IEC 945 was originally produced to give test methods and, where appropriate, limit values to the IMO Resolution A.574(14) which was a recommendation on general requirements for electronic navigational aids. (It has subsequently been replaced, see below.) The tests dealing with electromagnetic immunity could not be produced in time for the publication of the original standard, and these were added later in 1992 as amendment 1.
In 1991 the IMO, when discussing the changes that would arise with the introduction of the global maritime distress and safety system (GMDSS), noted that in future, radio equipment would be installed on the bridge of a vessel alongside the navigation equipment instead of in a special radio room as hitherto.

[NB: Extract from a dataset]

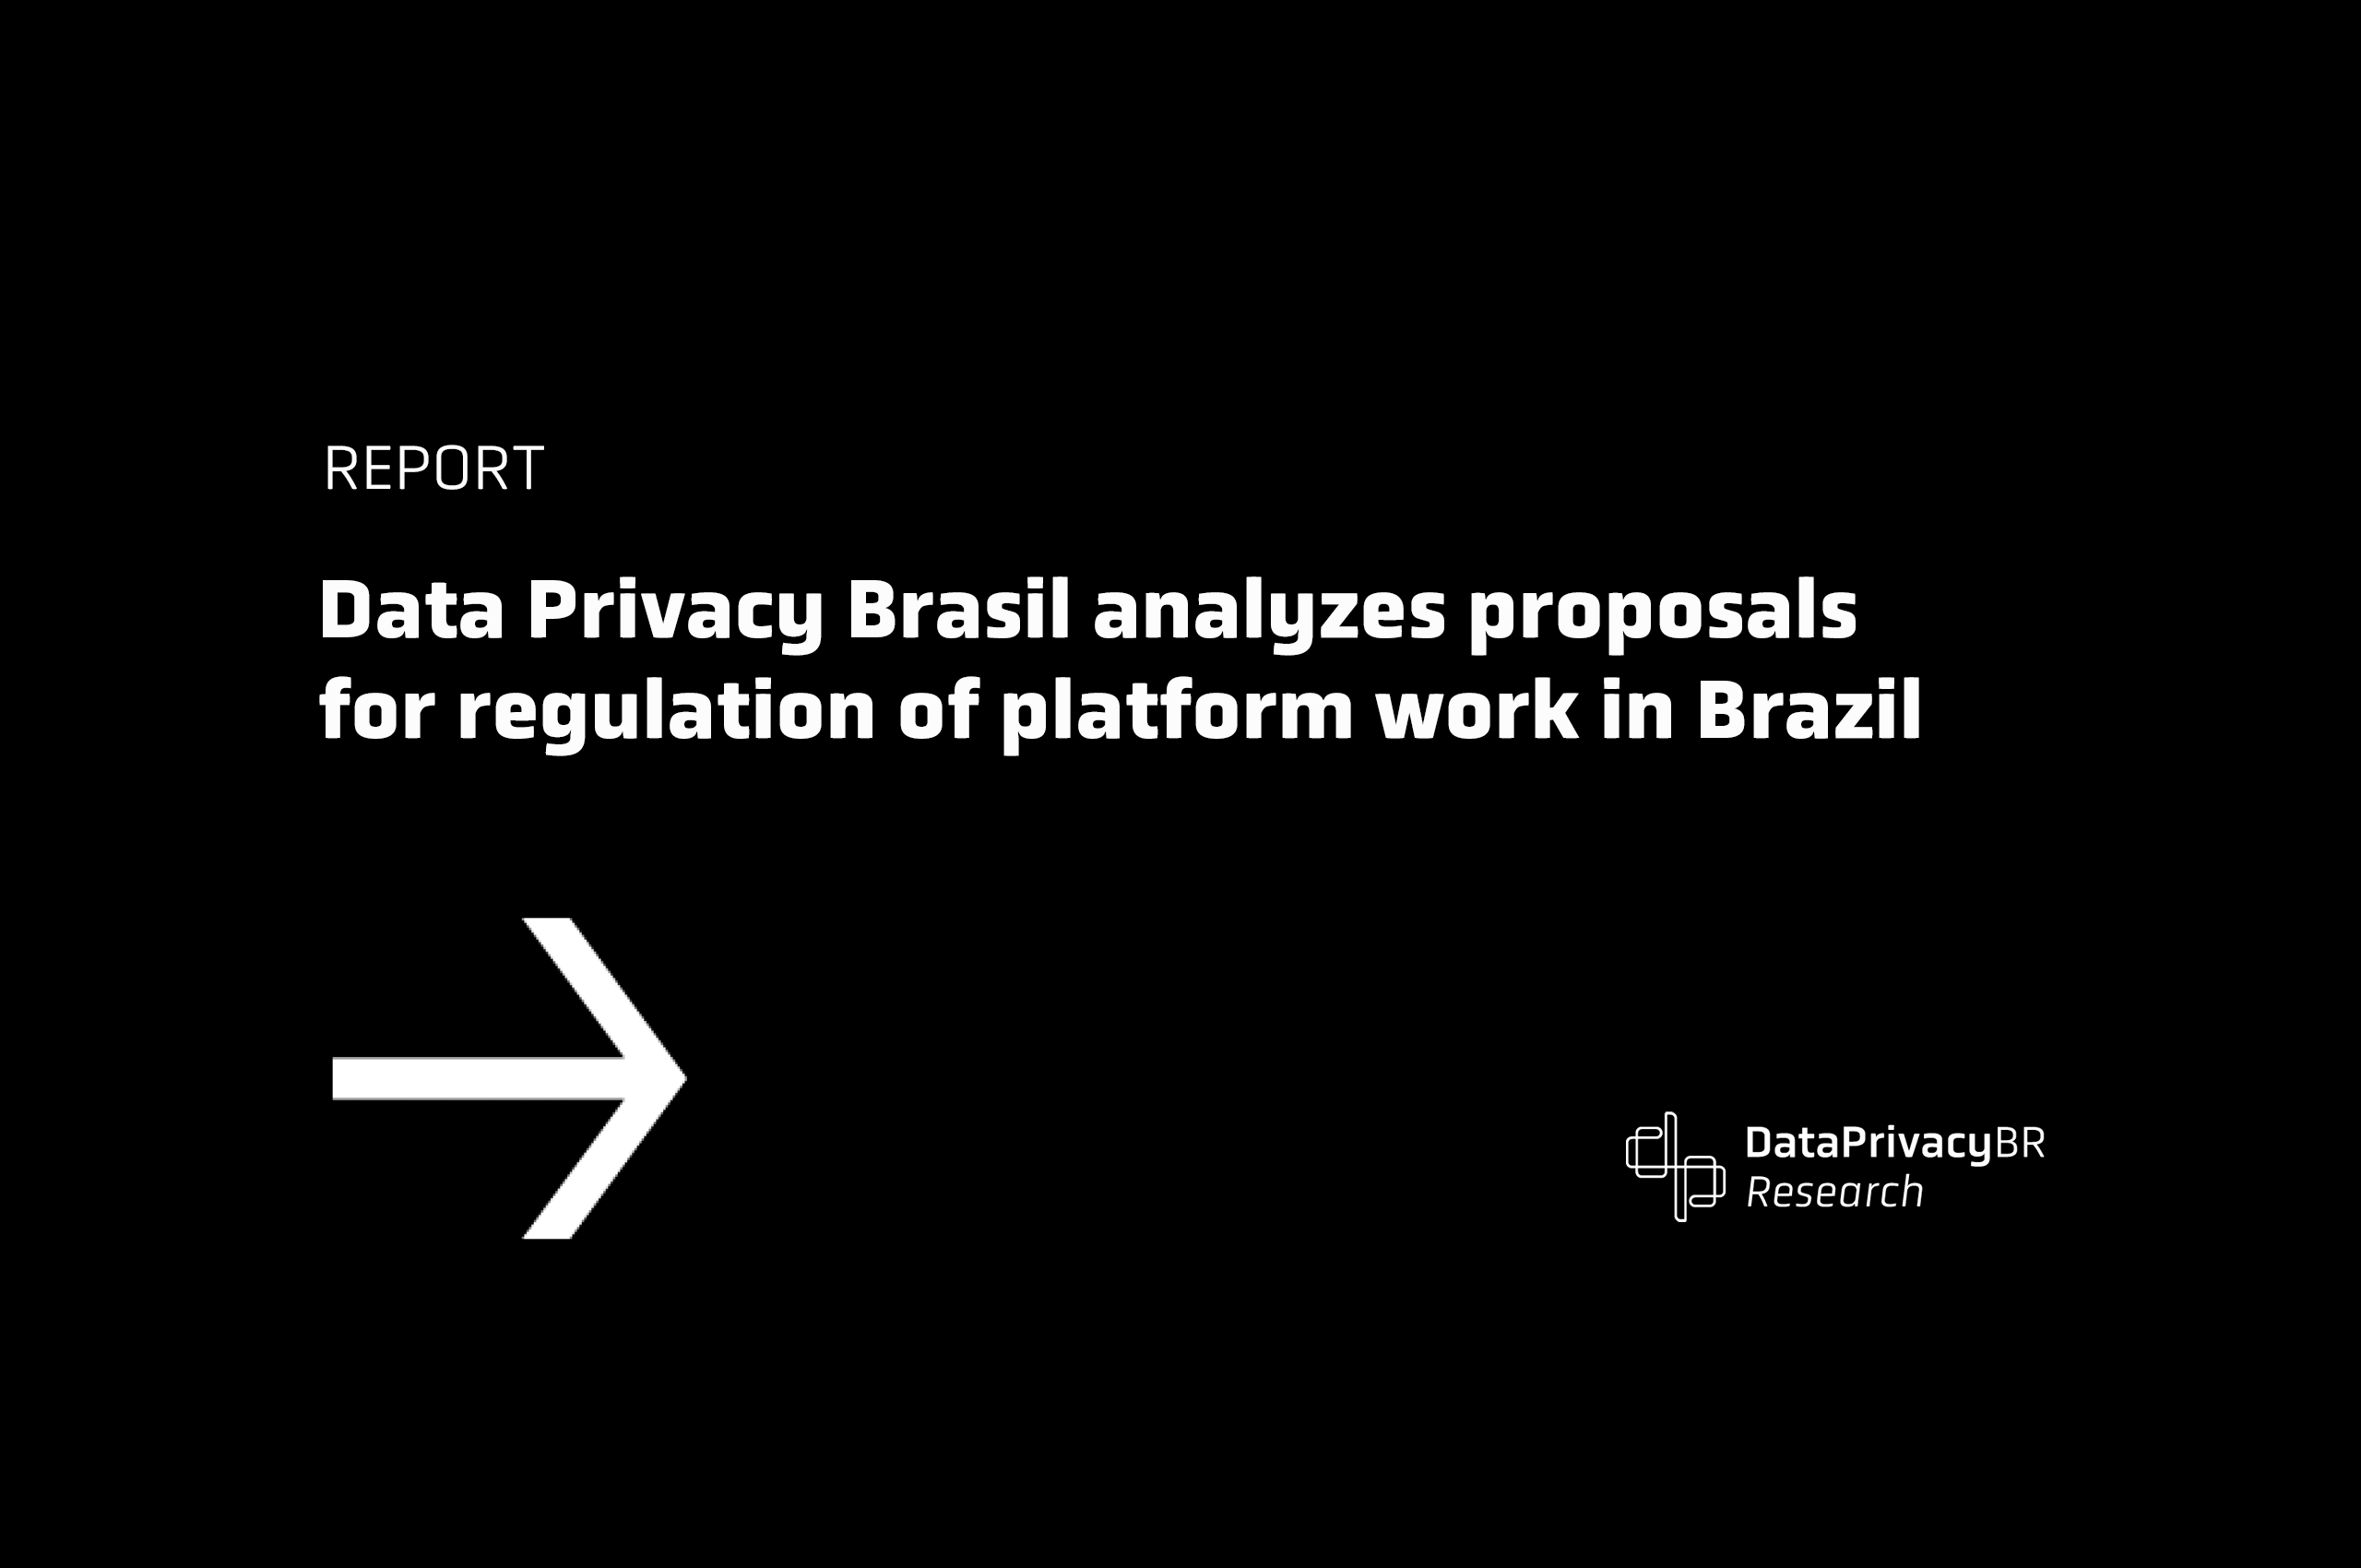 Emerging trends in the regulation of platform work in Brazil: a preliminary report
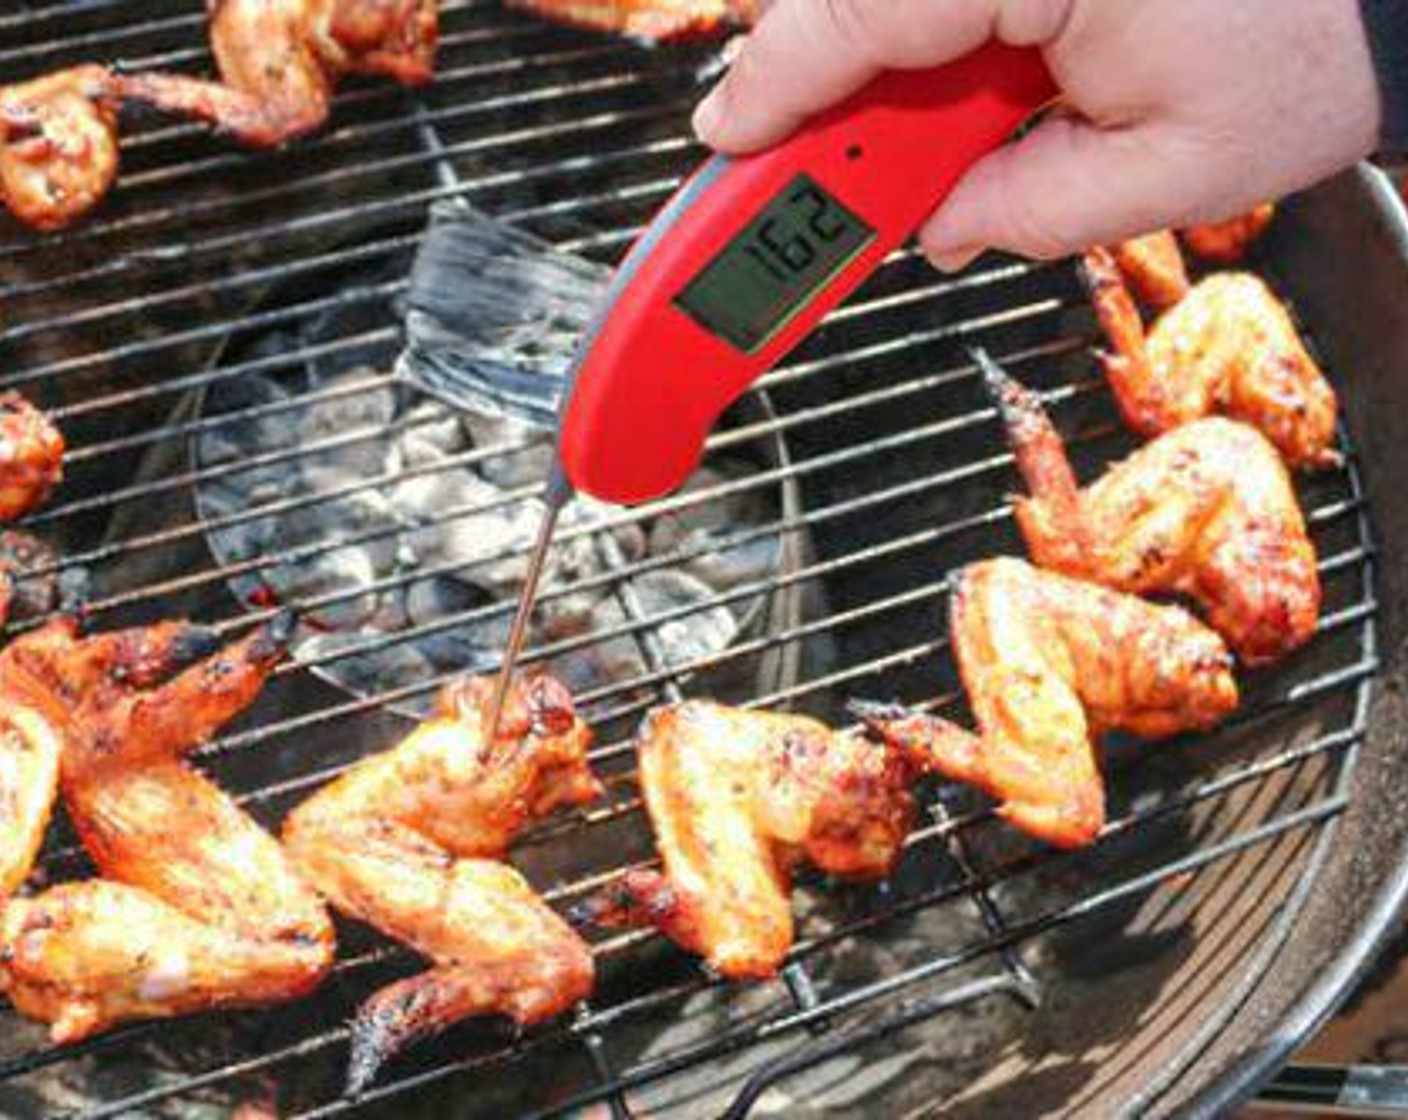 step 5 Wings are done when internal temperature reaches a minimum of 165 degrees F (73 degrees C) on an instant-read thermometer.

The IMO consequently withdrew Resolution A.574(14), and a corresponding Resolution A.569(14) dealing with the general requirements of radio equipment, and replaced them with IMO Resolution A.694(17). A second edition of IEC 945 was rapidly prepared to reflect this change. The third edition of IEC 945 in 1996 was a complete revision which aligned the test methods with appropriate other IEC standards and introduced, wherever possible, the requirements of the classification societies. The scope was extended to make the standard applicable additionally to other equipment installed on and around the bridge of a ship with regard to EMC. A new class of equipment – “portable” – was added, together with better definitions of operational tests which involve subjective judgement and descriptions of operational and durability aspects of software.This fourth edition (now IEC-60945) extends the detail of operational tests particularly for equipment which is operated through software menus.
This has been derived from an exhaustive investigation of appropriate references as described in the Bibliography. The layout of clause 4 (Minimum performance requirements) has been changed to give a better grouping of ergonomics, hardware and software requirements. The EMC tests have been revised with the frequency range having been extended from 1 GHz to 2 GHz. Clarifications to the text of the third edition have been added where experience has shown a need and the references have been updated. A comparison of the test requirements in the third and fourth editions is given in annex G to assist manufacturers and test houses in the use of the new edition.
For centuries, mariners have relied on paper charts to navigate the world’s oceans and waterways. Although adequate, this method does not utilize the latest technology available. Industry experts have determined that computer-based charting systems increase the safety and maximize the efficiency associated with navigation. To take advantage of these benefits, the International Maritime Organization (IMO) now allows chart carriage requirements to be satisfied through electronic means.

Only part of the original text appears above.